# TASK STATEMENT
With the images removed, return every line below exactly as it reads.

# INPUT DATA

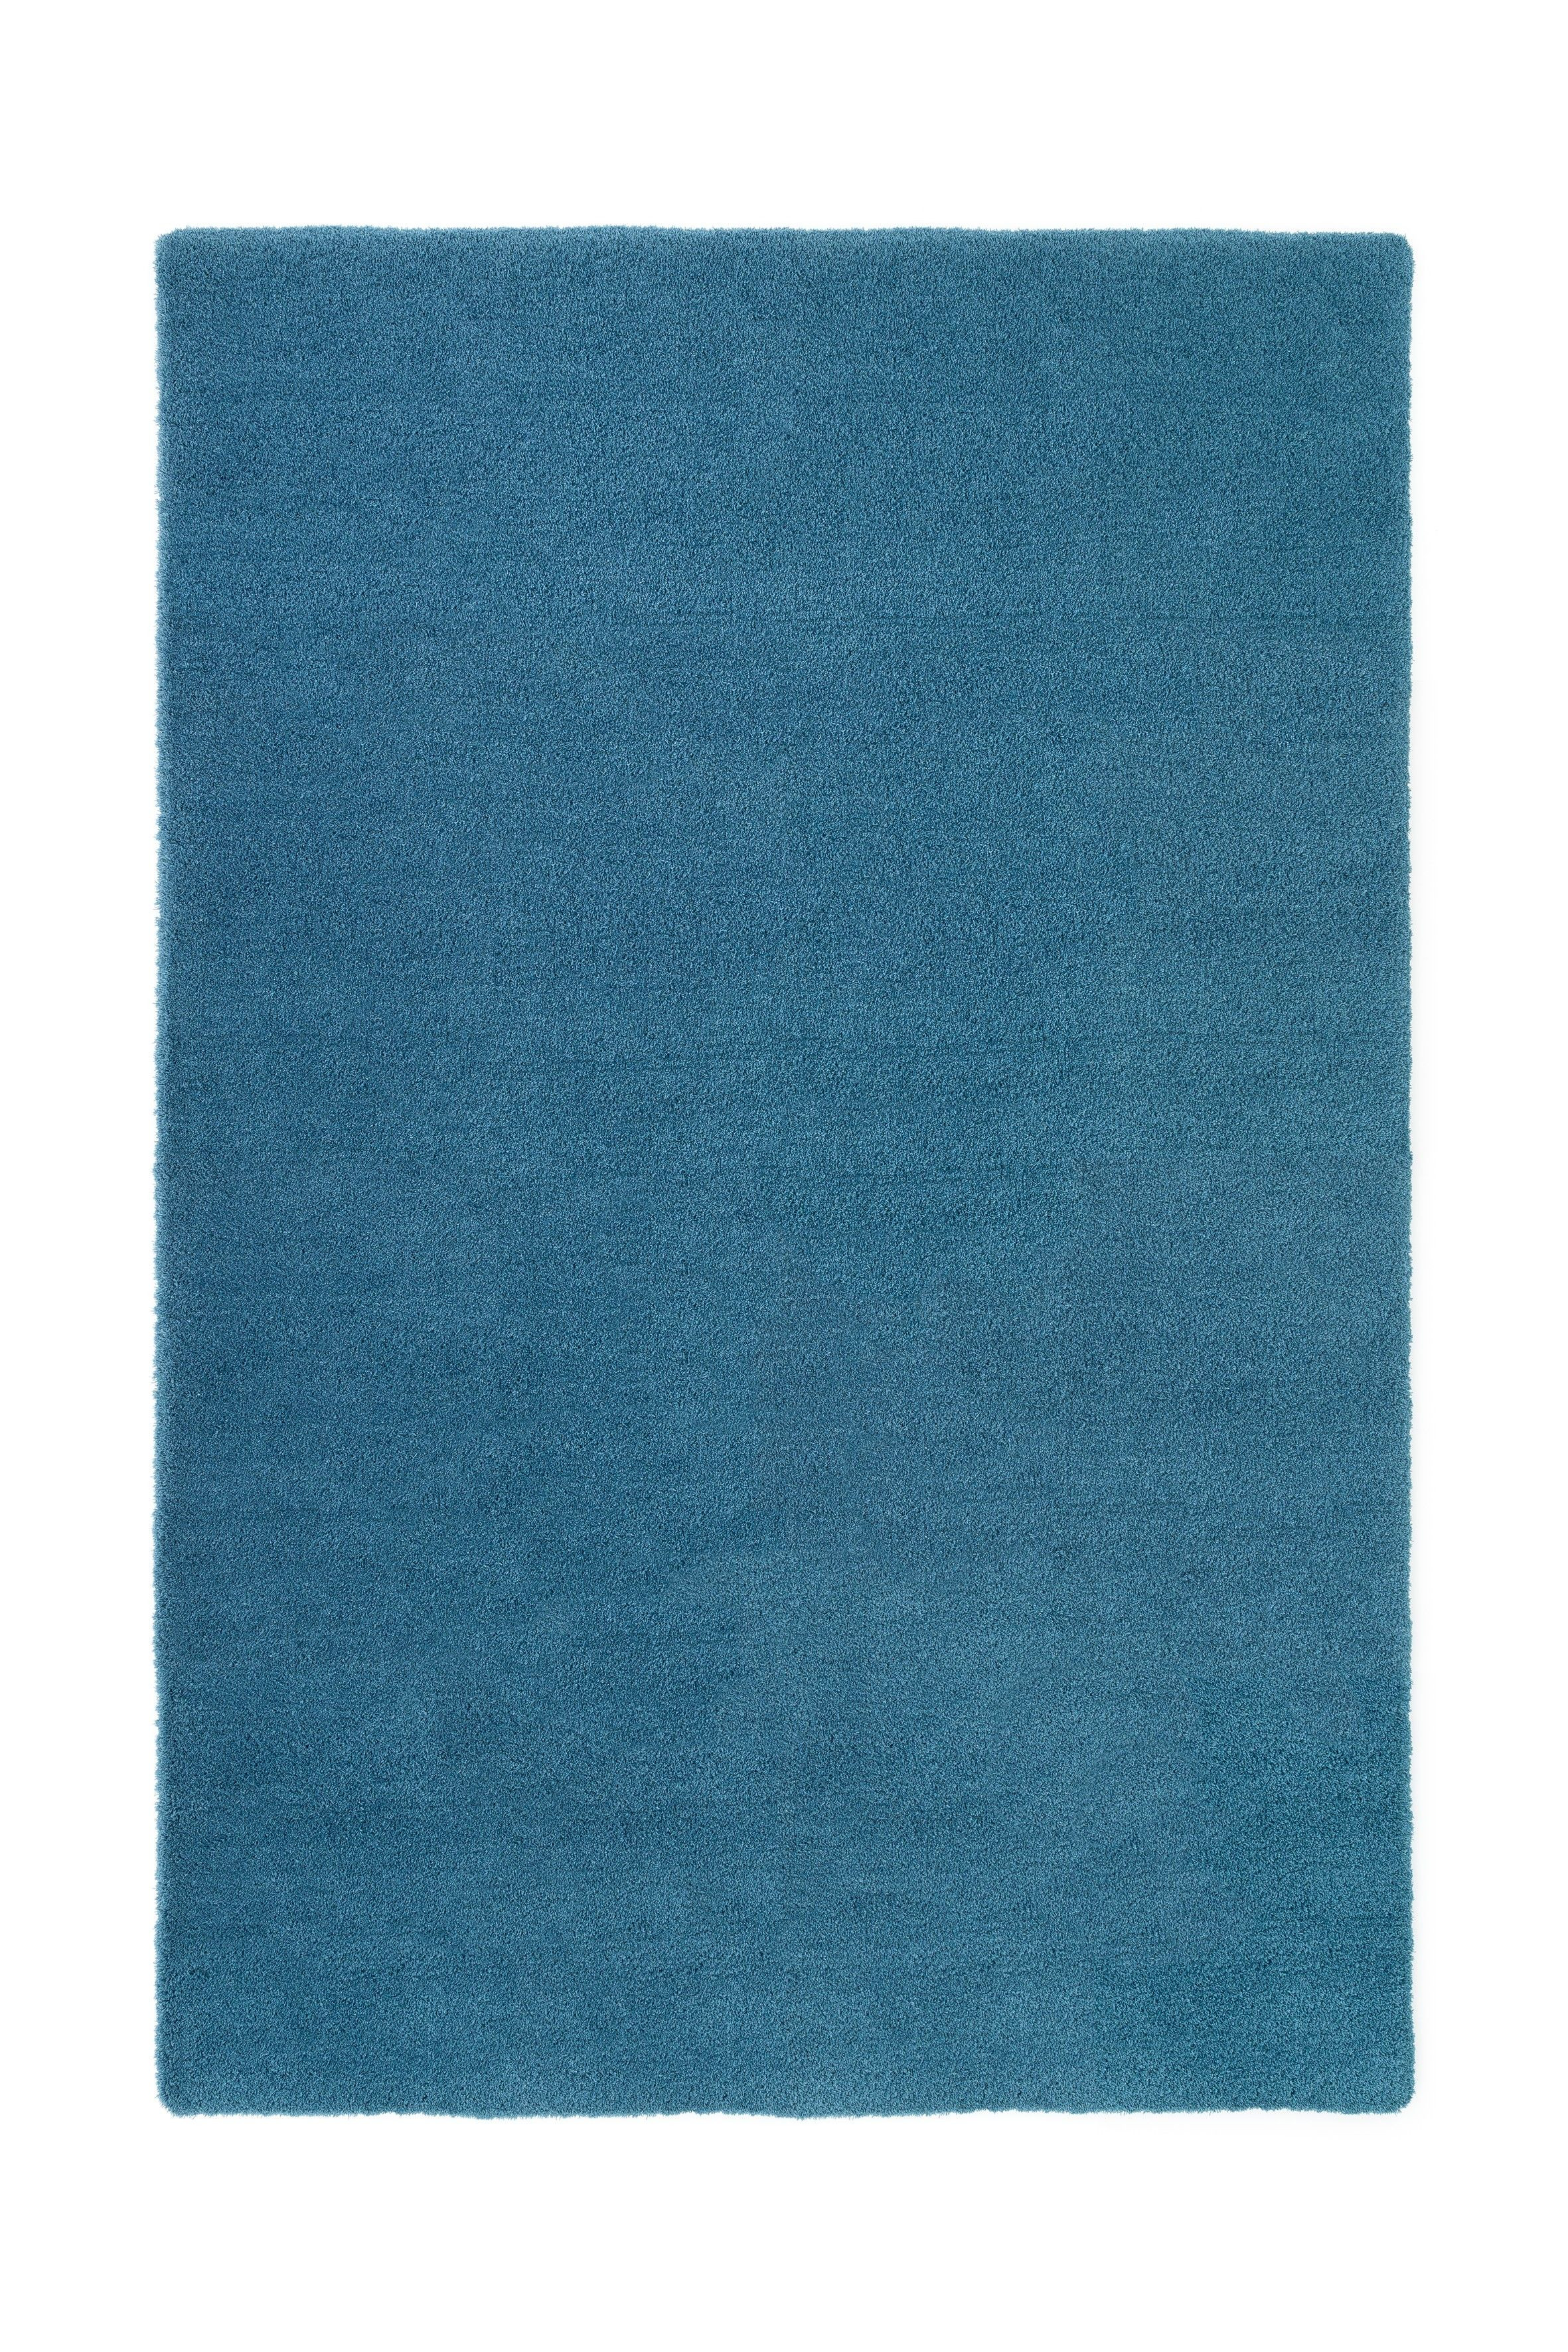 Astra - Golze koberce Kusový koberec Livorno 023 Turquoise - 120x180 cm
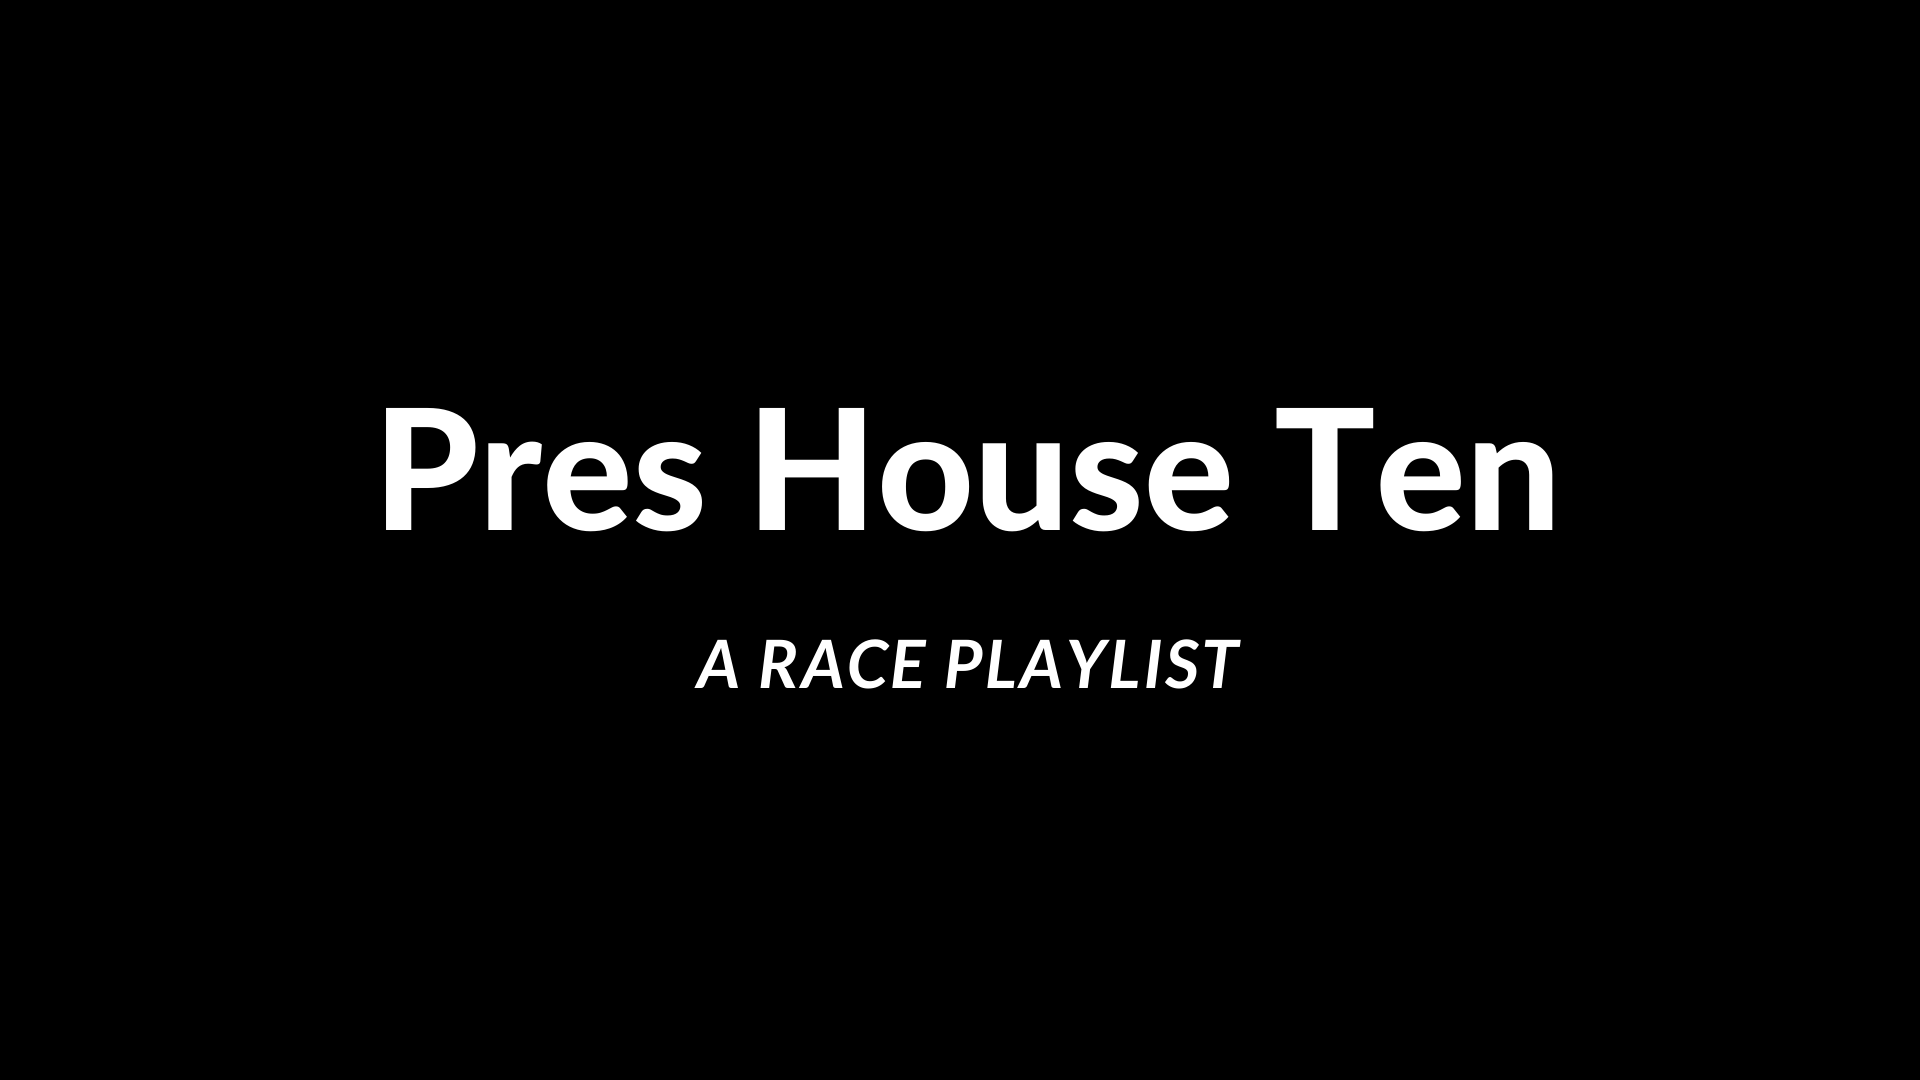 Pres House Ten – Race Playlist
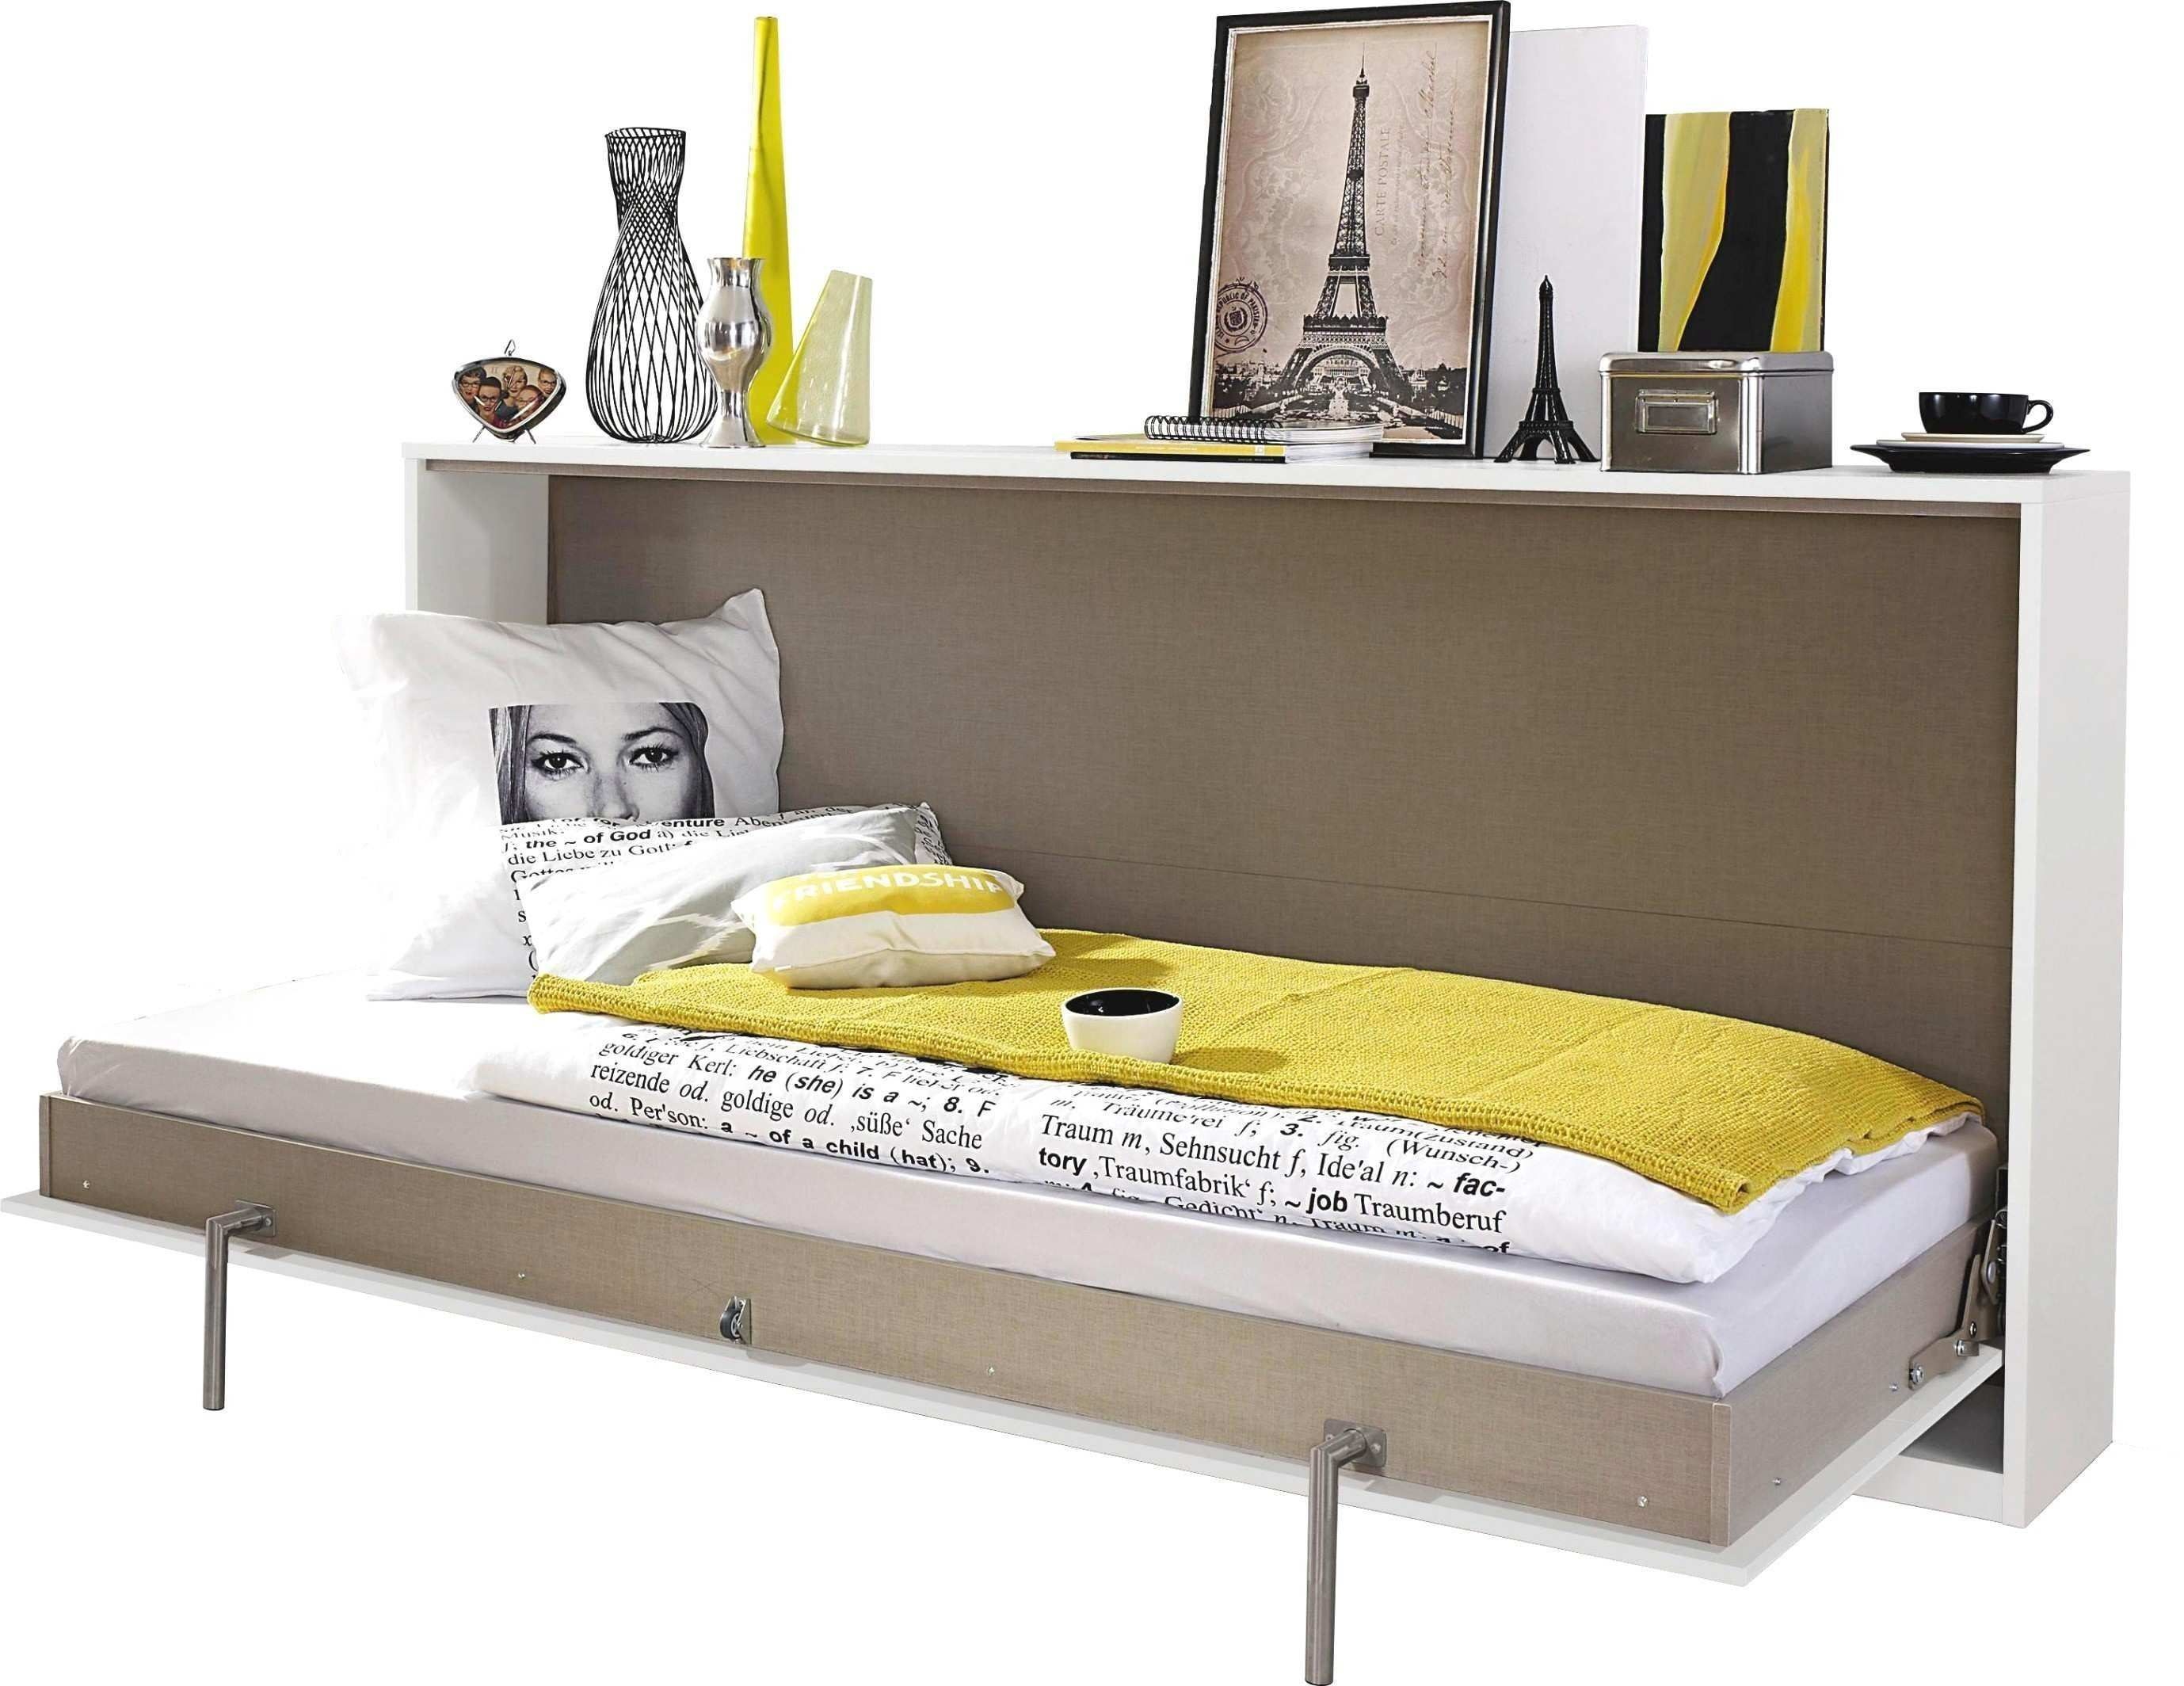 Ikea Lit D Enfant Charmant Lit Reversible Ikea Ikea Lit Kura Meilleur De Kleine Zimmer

# REPLY TO THE EXERCISE
 Astra - Golze koberce Kusový koberec Livorno 023 Turquoise - 120x180 cm
 Pres House Ten – Race Playlist
 Ikea Lit D Enfant Charmant Lit Reversible Ikea Ikea Lit Kura Meilleur De Kleine Zimmer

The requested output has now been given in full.